Today’s prompts: imposter, that song on the radio again, (and oddly enough) the tarot’s four of pentacles.
Let’s go!

They called him the dragon. He was an old man living in the nicest house on the block. A house no one had ever been in. He would sit out on his porch, with a cold watchful stare, waiting for someone to cross the line of his perfectly manicured yard.
“Keep your feet off my lawn!” he’d roar. “You paying the landscaper?”
No one ever saw a landscaper. We figured they came too early for anyone to spot.
Somedays you could hear the radio inside playing “Hook” by Blues Traveler. Always the same. My mom always said we should just leave him alone. That he’d been sitting there on his porch for as long as she could remember. He was probably lonely. He was probably spending his time remembering his own long life, his losses.
I didn’t buy it.
No one’s lawn stays that perfect, even if they have regular maintenance. And it was like he was watching us too close. Waiting for one of us to do something stupid.
I guess that’s why Rick kept pushing us to egg his house. He was tired of the scrutiny. Hoped it would drive the old dragon inside his house.
Next Friday at midnight we met up at my place just three houses down: me, Rick, Matt, and Duncan. And then we were gonna run to Rick’s around the other side of the block so he wouldn’t see us. Two dozen eggs, toilet paper, shaving cream. Normal ammo.

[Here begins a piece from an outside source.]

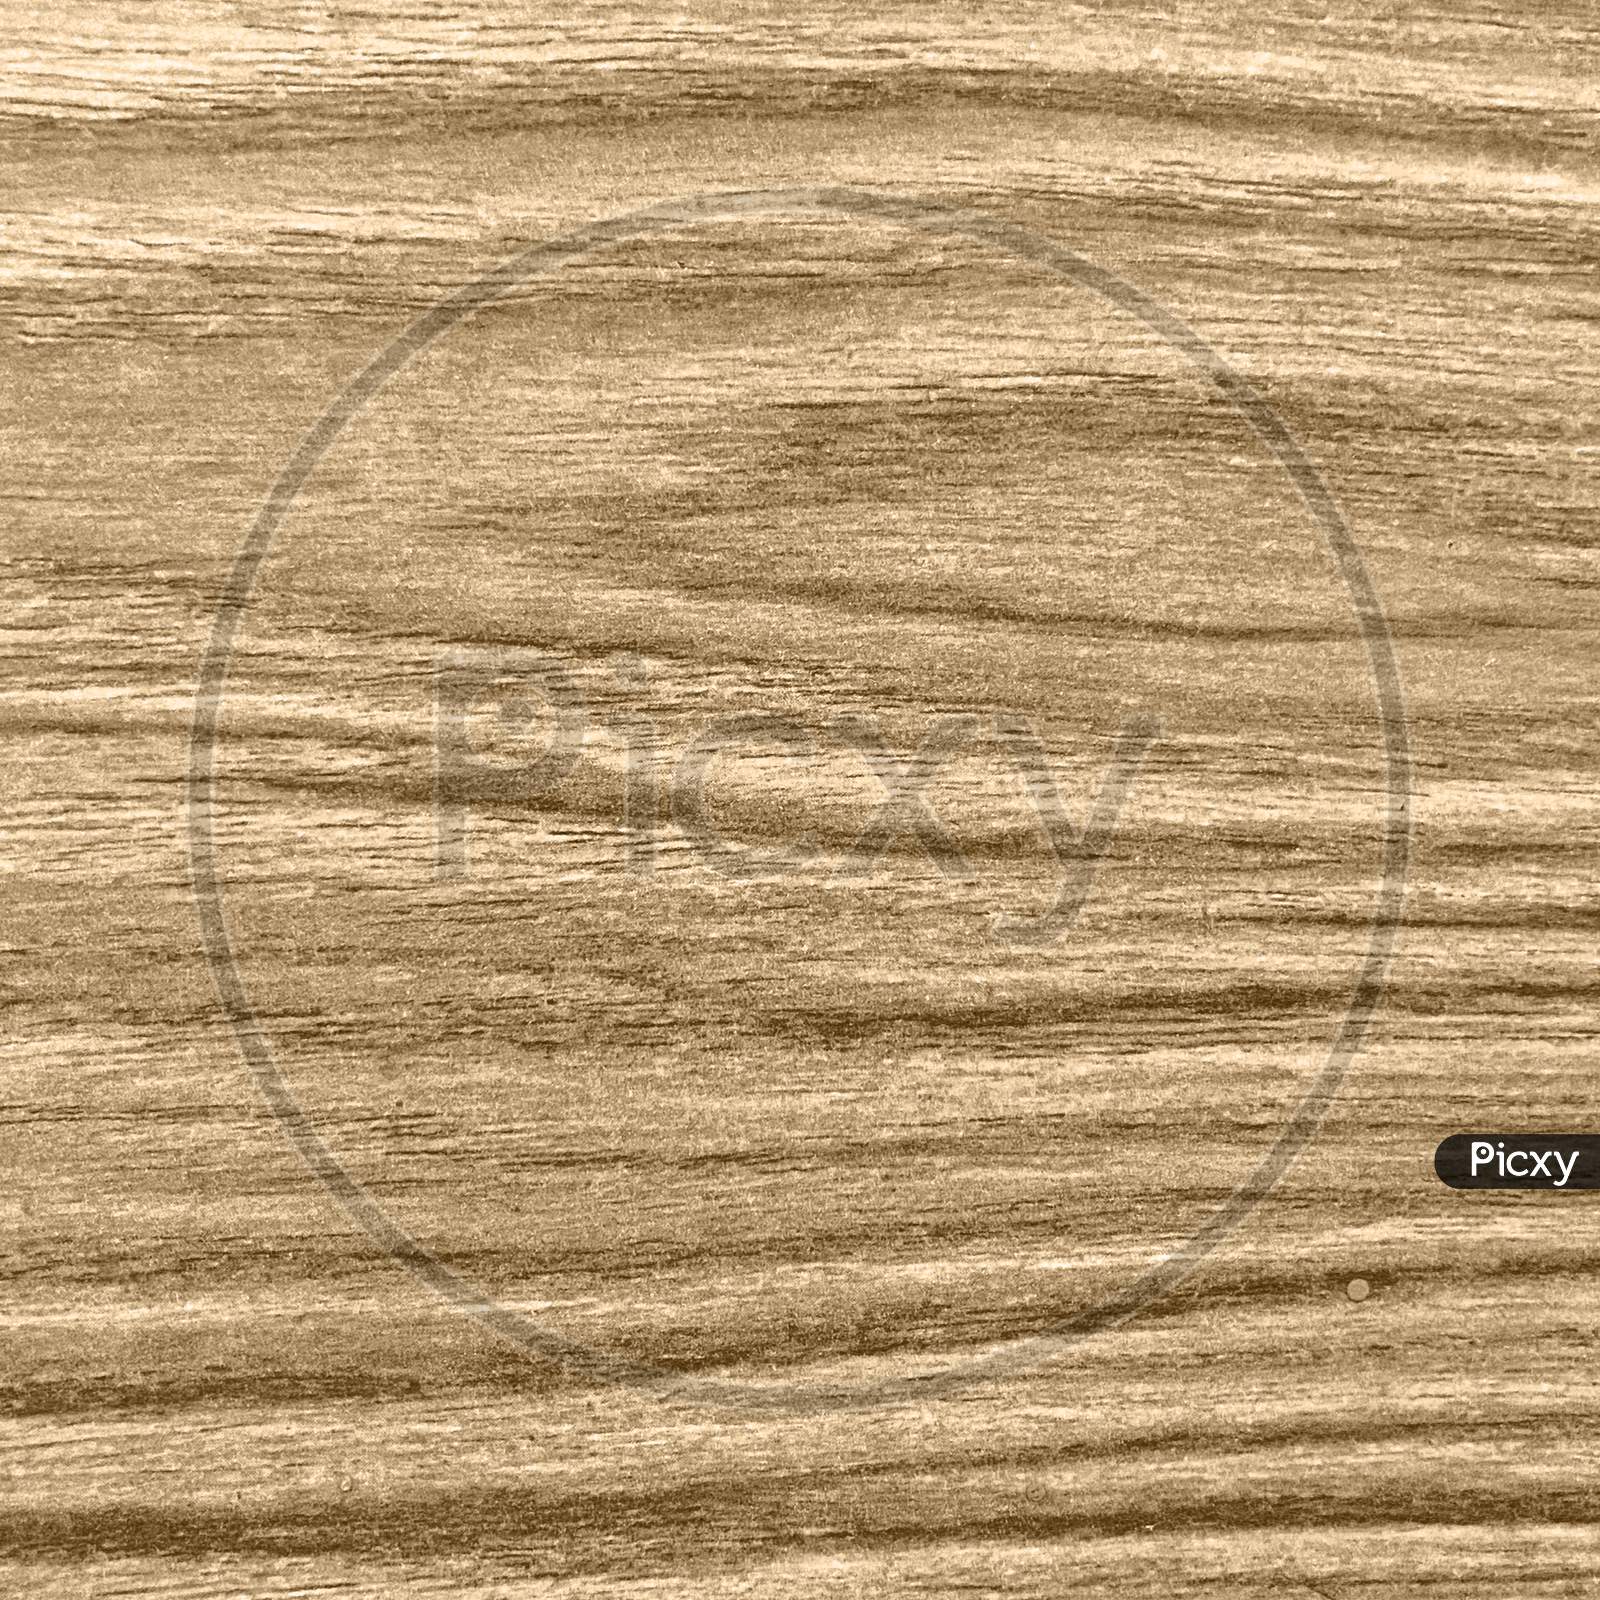 Abstract wooden texture background, beautiful wood surface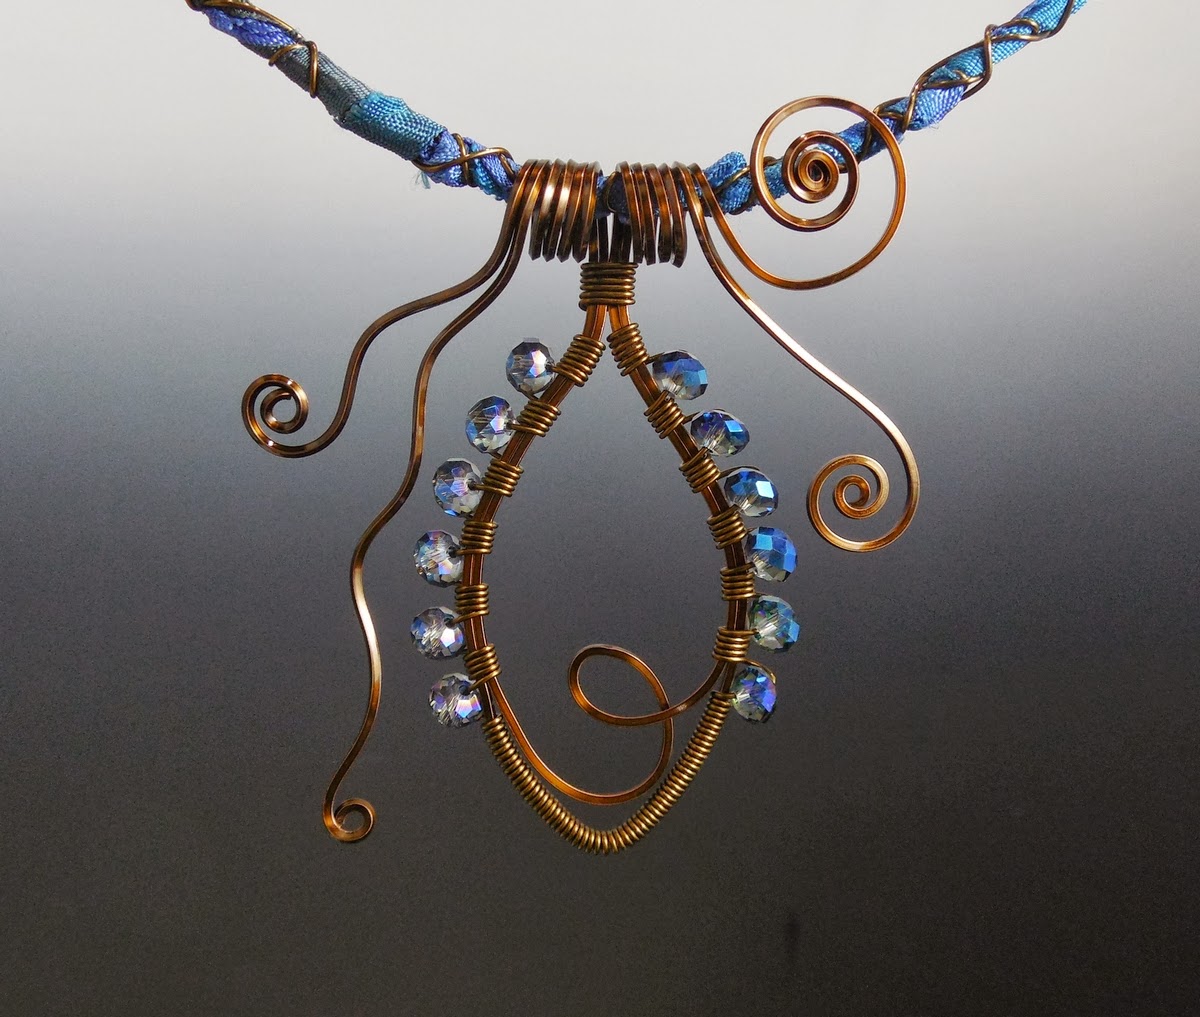 Dawn Blair's Jewelry and Eclectica Blog: More Easy Beads with Wire!

It’s wierd how the street feels watchful at night. Not asleep, not peaceful, but waiting. Like the whole neighborhood was holding its breath for what we were about to do. Rick went up the drive, close to the porch. He wanted to lob a few eggs right on the bullseye of the dragon’s door.
I started to sneak across the yard to get the shaving cream going when I felt a crunch beneath my shoe. I pulled out my phone and shown its flashlight on the ground. The body of a tiny lizard, reflecting green and orange scales, laying crushed beneath my feet. That’s when we heard it.
“The hook brings you ba-ack.”
The yard rumbled. The front door burst open, bright fiery light pouring through the doorway. Rick stood i from tof it, frozen as a massive golden eye filled the space.
The little army of lizards that had been tending the yard, scurried up the steps and into the house. One stopped in the doorway, its head upturned as though speaking with whatever the eye belonged to.
A roar the likes of which I couldn’t have ascribed to any living thing, shook the night. I looked for Duncan and Matt, but they were already gone. Rick still stood frozen in the gaze of whatever lay beyond that door. I dropped the shaving cream. Rick’s eggs lay in a broken oozing heap at his feet.
Flames licked the frame of the front door and pushed right for Rick. I grabbed his collar, dragged him away from the house and around the block. It wasn’t a hard run to his house, but we panted in his kitchen all the same.
“Wha?” he finally managed after a few minutes.
“Guess they don’t call him the dragon for nothing,” I said. We found this riotously funny, giddy from having just escaped a scorching death. We laughed until we cried, the relief pouring down our faces. And until Rick’s dad woke up and told us to quit making a ruckus and go to bed.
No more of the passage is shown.